4. Export Data to Google Sheets
Now that we have structured data, let's store it in Google Sheets for easy access and analysis.
- Go to your Google Drive and create a new spreadsheet. Name the spreadsheet and a sheet inside based on the work you want to complete.
- Add the field names you've extracted in the previous step as headers, such as Product name, Price, ASIN/SKU, etc.
- Click on + Add step and select Google Sheets.
- In the Setup step, select Create Spreadsheet Row to log the newly extracted data to the bottom of the table in your sheet.
- Connect your Google Drive account if you haven't already and select your account.
- In the Configure step, select the Spreadsheet and Worksheet you've created.
- Rows will be automatically fetched from your Worksheet.

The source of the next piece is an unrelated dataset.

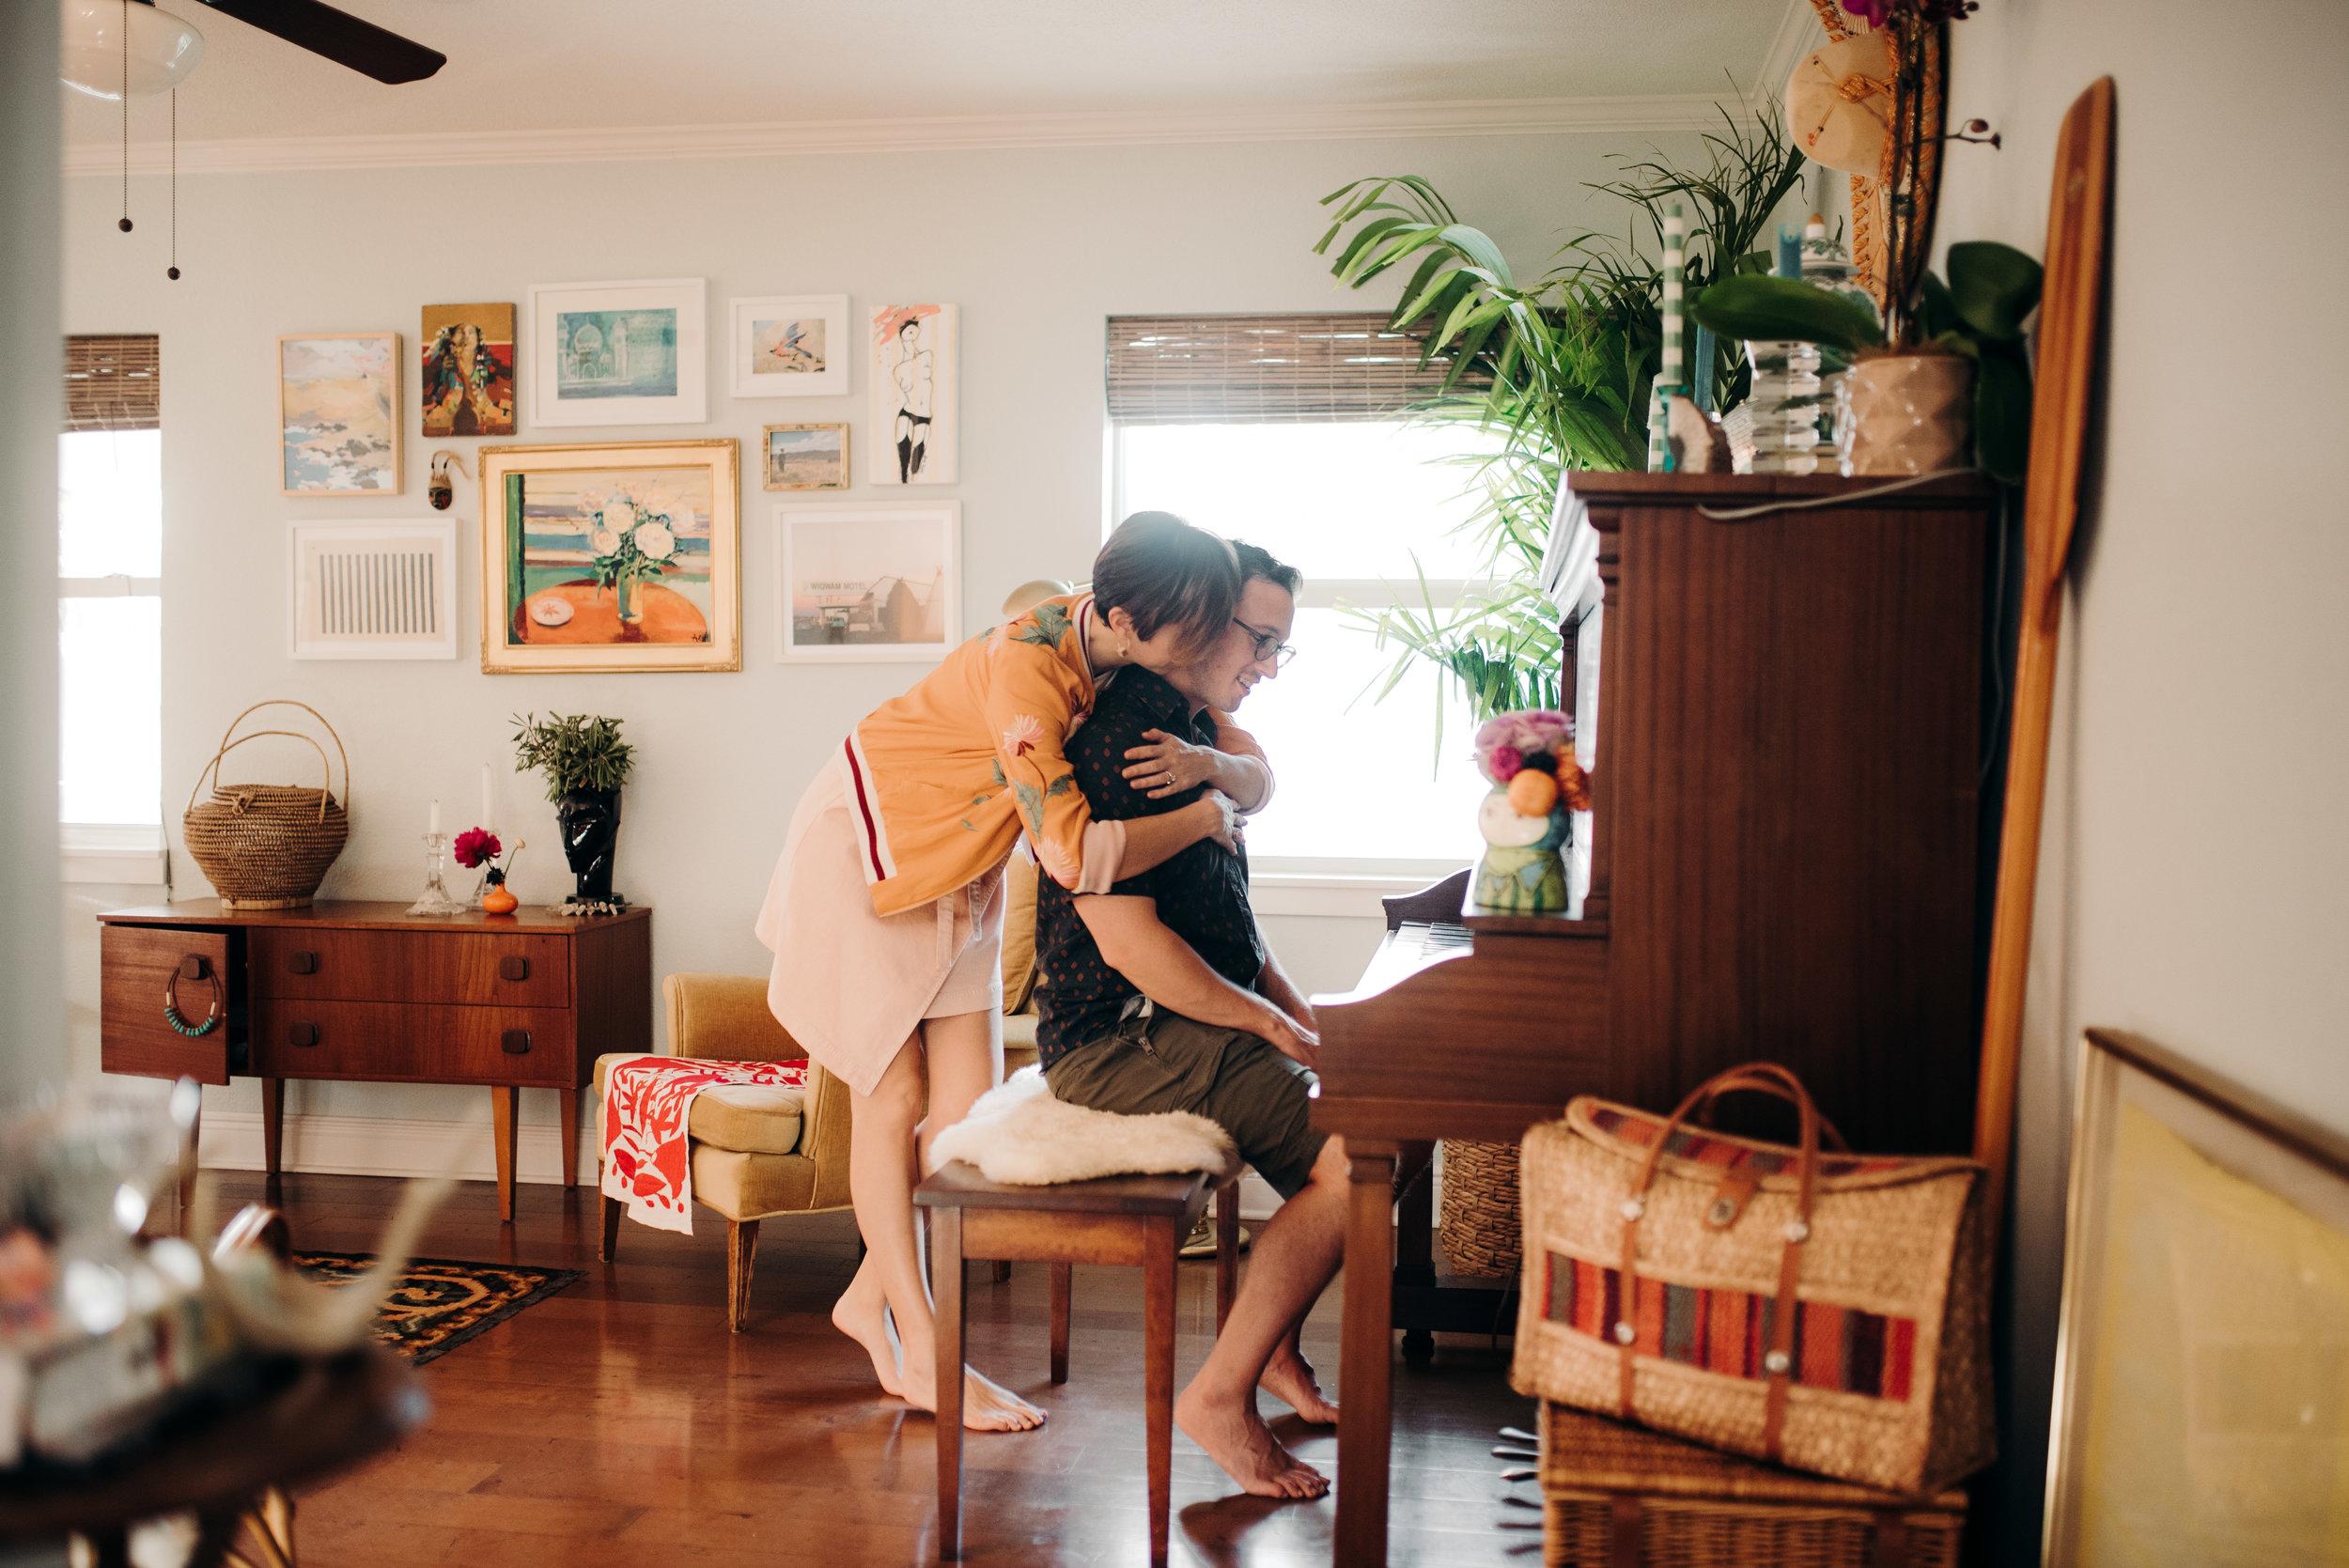 carissa-spencer-mid-century-editorial-in-home-couple-session-orlando-florida-253.jpg
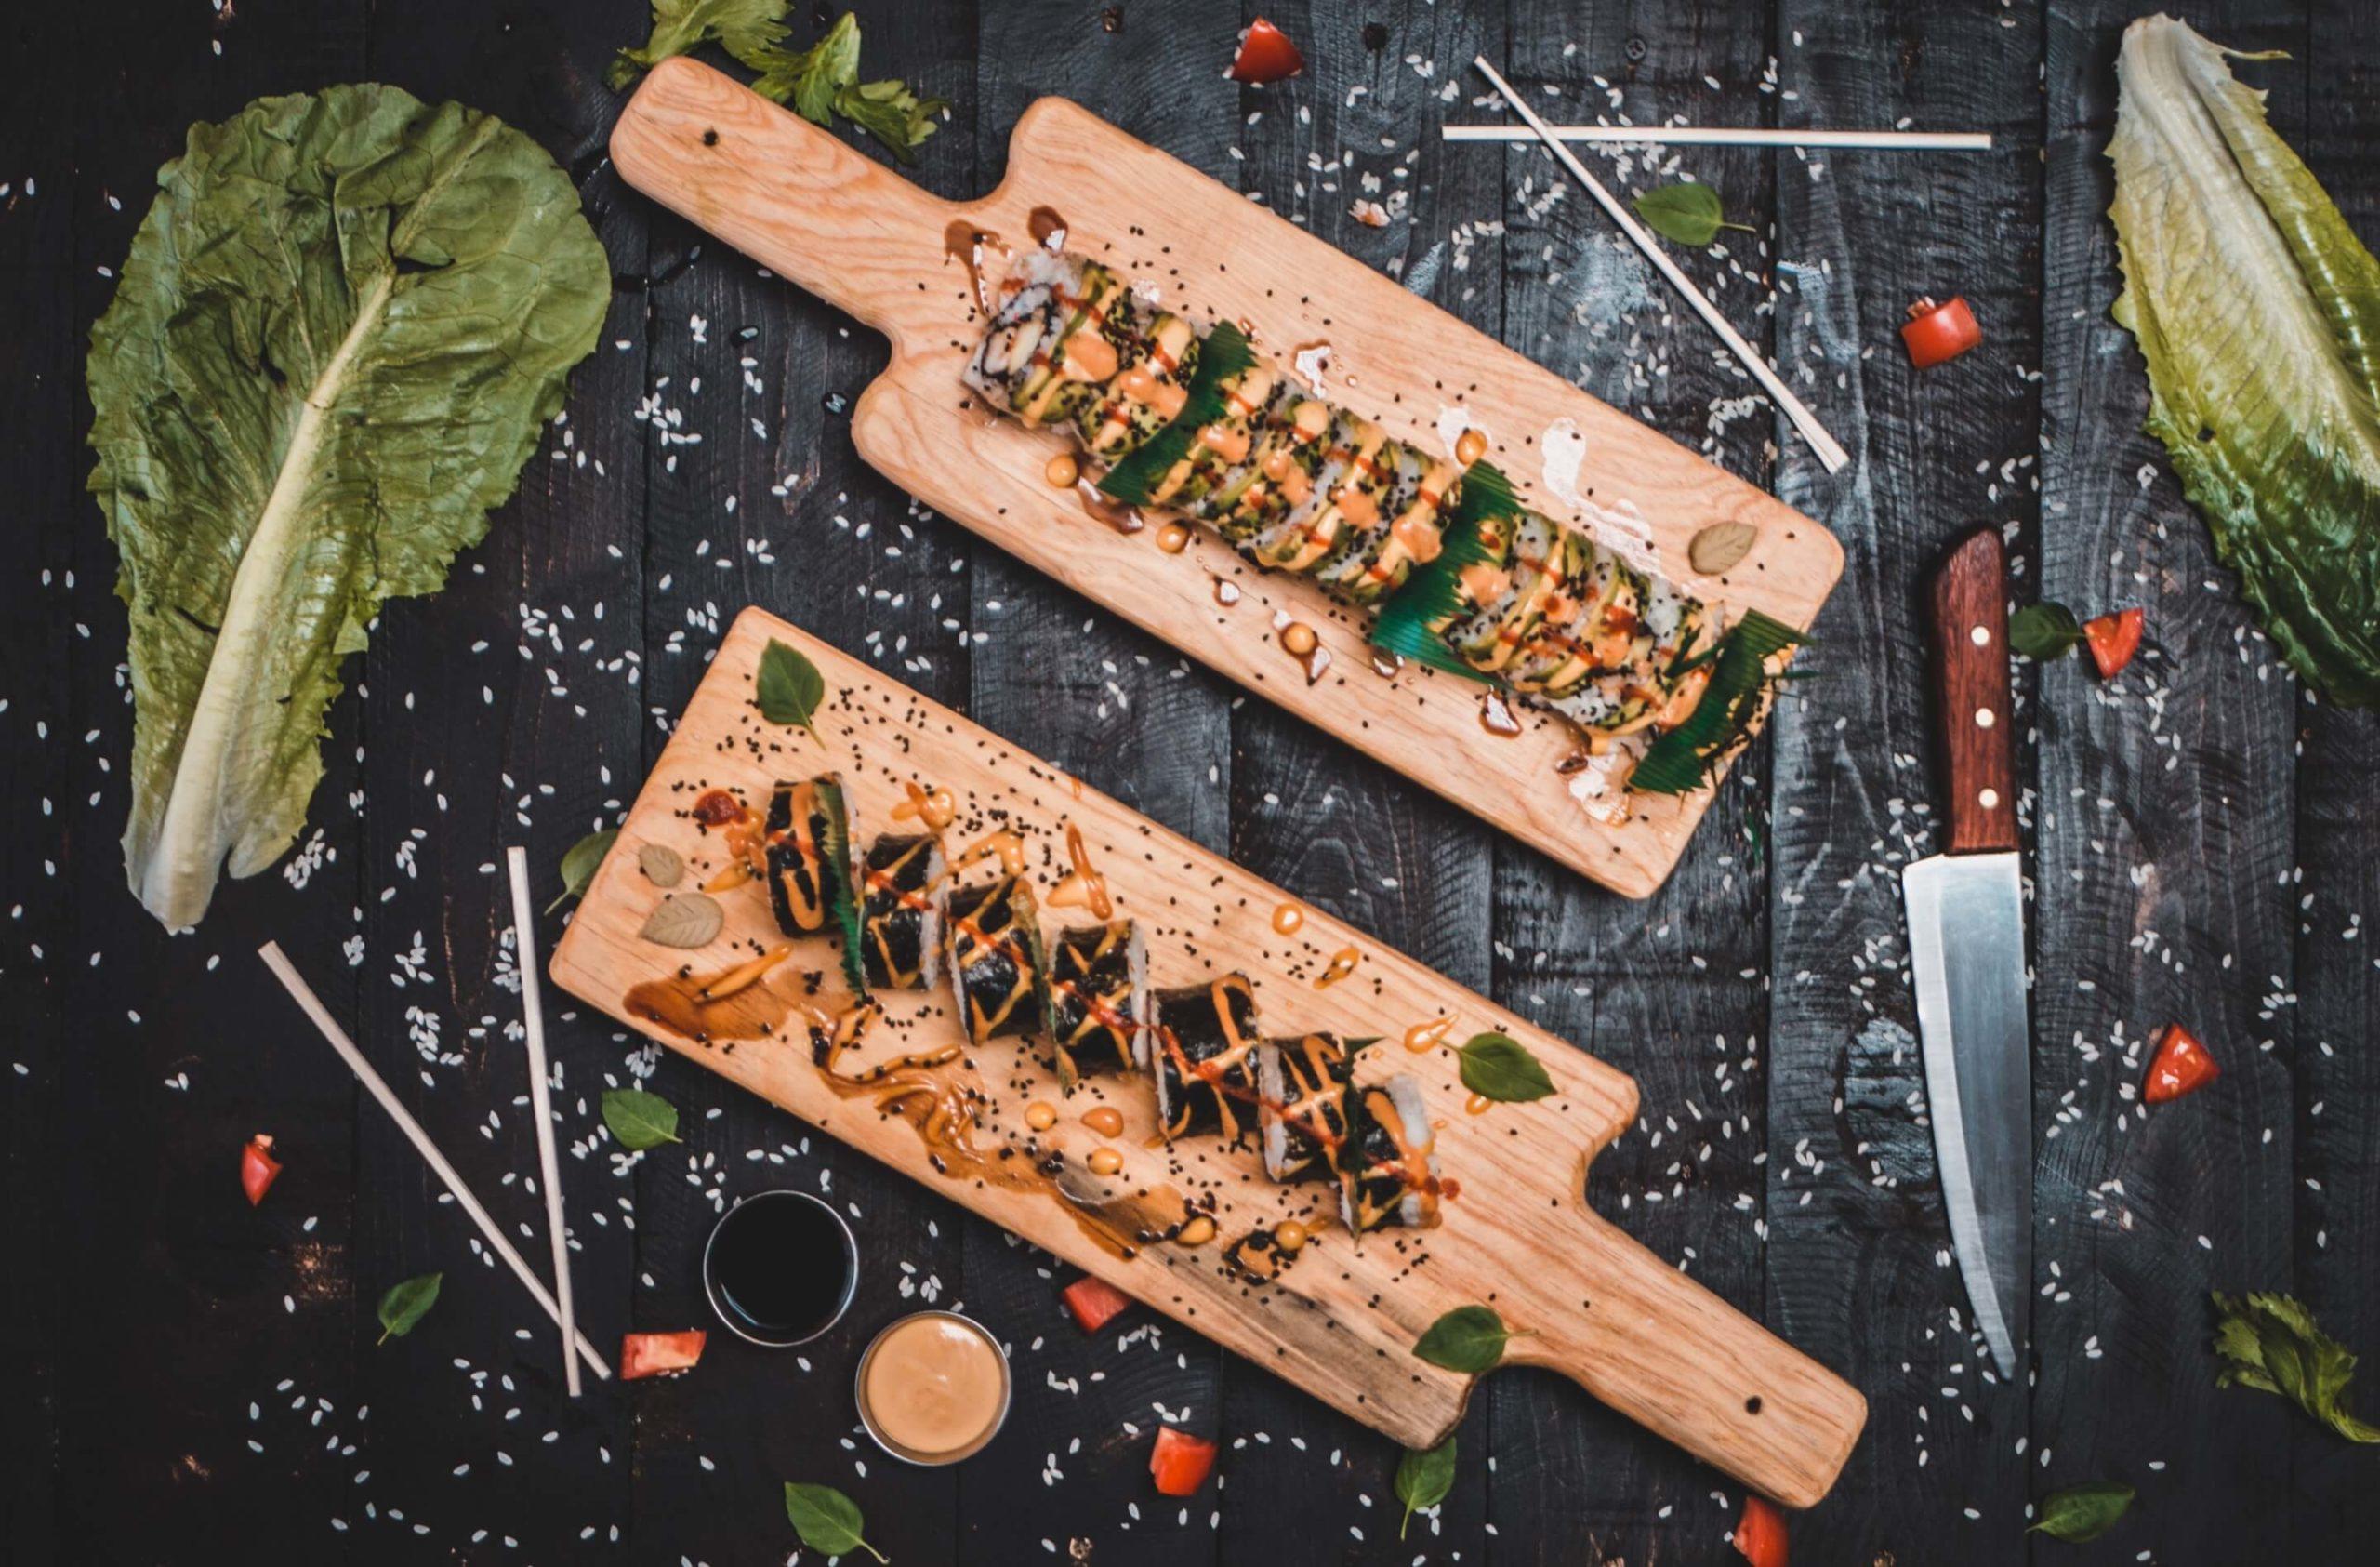 Food Corner: Top Japanese Restaurants for Sushi

Click + under each Row and add the extracted data from the previous step. Copilot Suggestions will provide accurate data most of the time unless what you're working with is highly complex.
- Finally, test and confirm if your Zap is able to write new rows inside your spreadsheet.
5. Test and Publish
Before going live, make sure everything works as expected.
Finally, choose a fresh URL with new data to test your Zap from start to finish. It should take a couple of seconds, but if all the steps worked correctly, it should:
- Send a request to your target URL through Scrape.do via Webhooks
- Get and store the raw HTML/markdown
- Extract your preferred fields from the raw response using AI/custom extraction logic
- Write your structured new data into your Google Spreadsheet, every day or based on any trigger of your choice You can also modify the trigger so it works every time you add a new row to a spreadsheet to scrape the URL you've inputted.